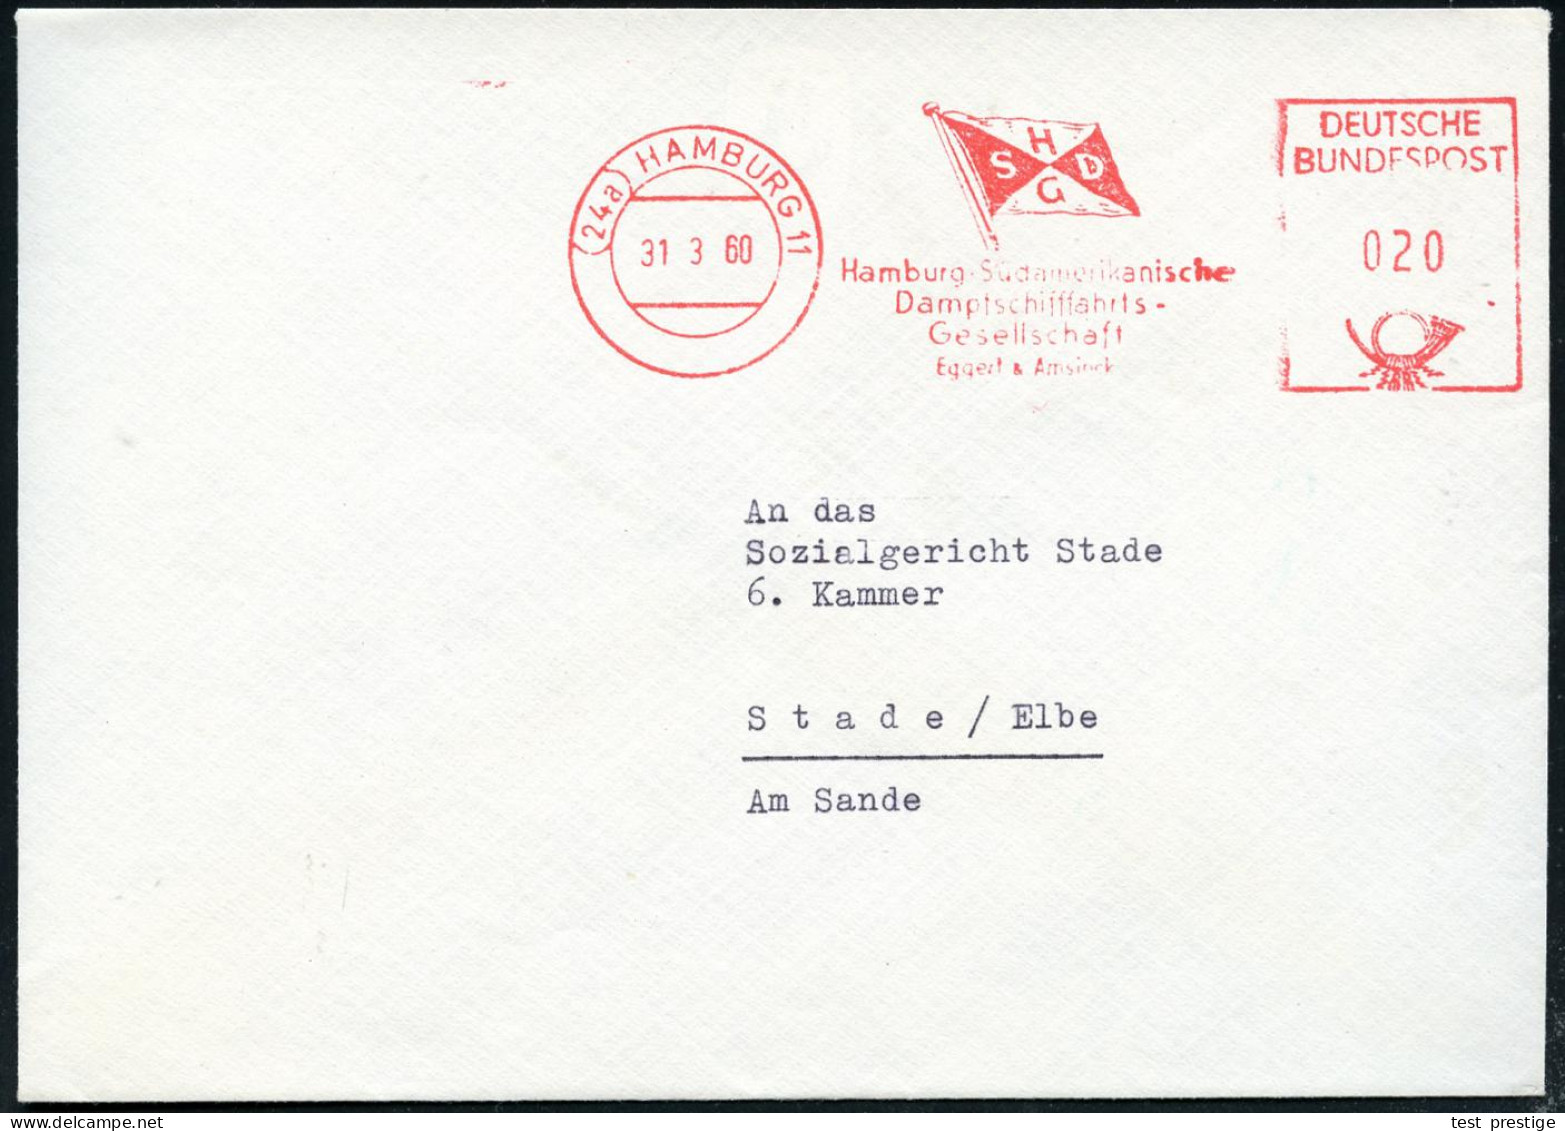 (24a) HAMBURG 11/ HSDG/ Hamburg-Südamerikanische/ Dampfschiffahrts/ Ges. 1960 (31.3.) AFS Postalia (Reederei-Flagge) Rs. - Maritime
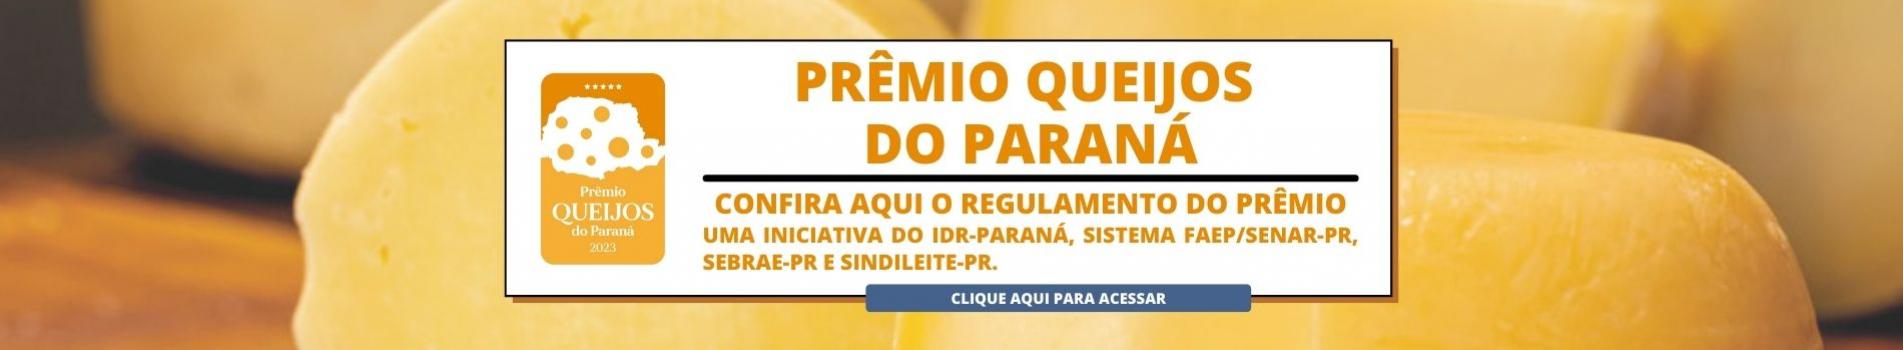 Prêmio Queijos do Paraná
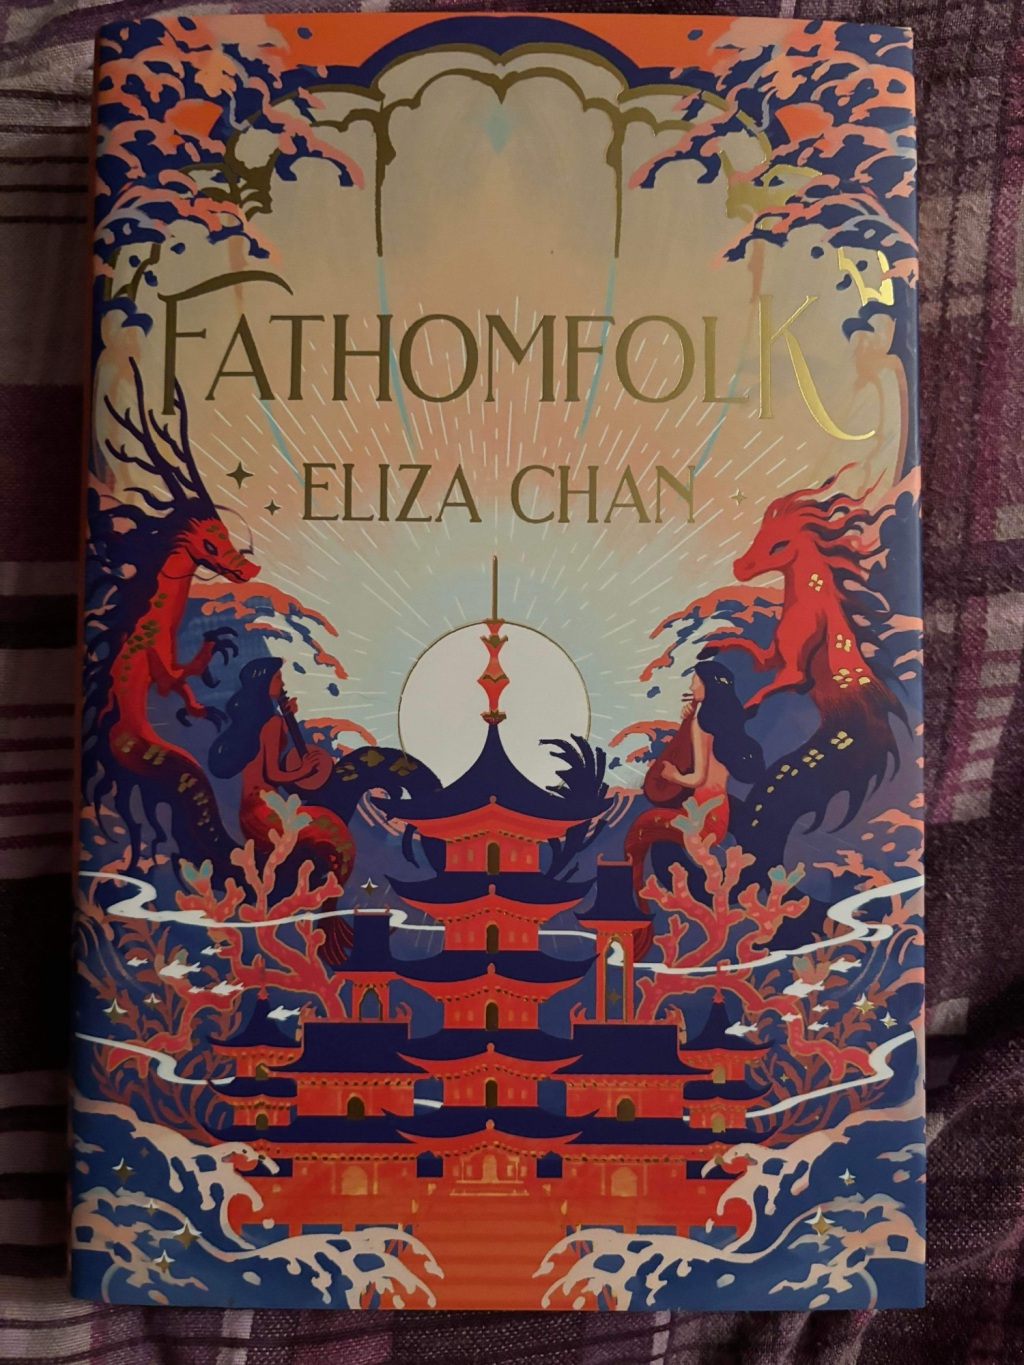 Fathomfolk by Eliza Chan
##############################
#### [Task statement]
Apart from the pictures, restate all of the listing above exactly.

#### [Solution to this problem]
 (24a) HAMBURG 11/ HSDG/ Hamburg-Südamerikanische/ Dampfschiffahrts/ Ges. 1960 (31.3.) AFS Postalia (Reederei-Flagge) Rs. - Maritime
 Prêmio Queijos do Paraná
 Fathomfolk by Eliza Chan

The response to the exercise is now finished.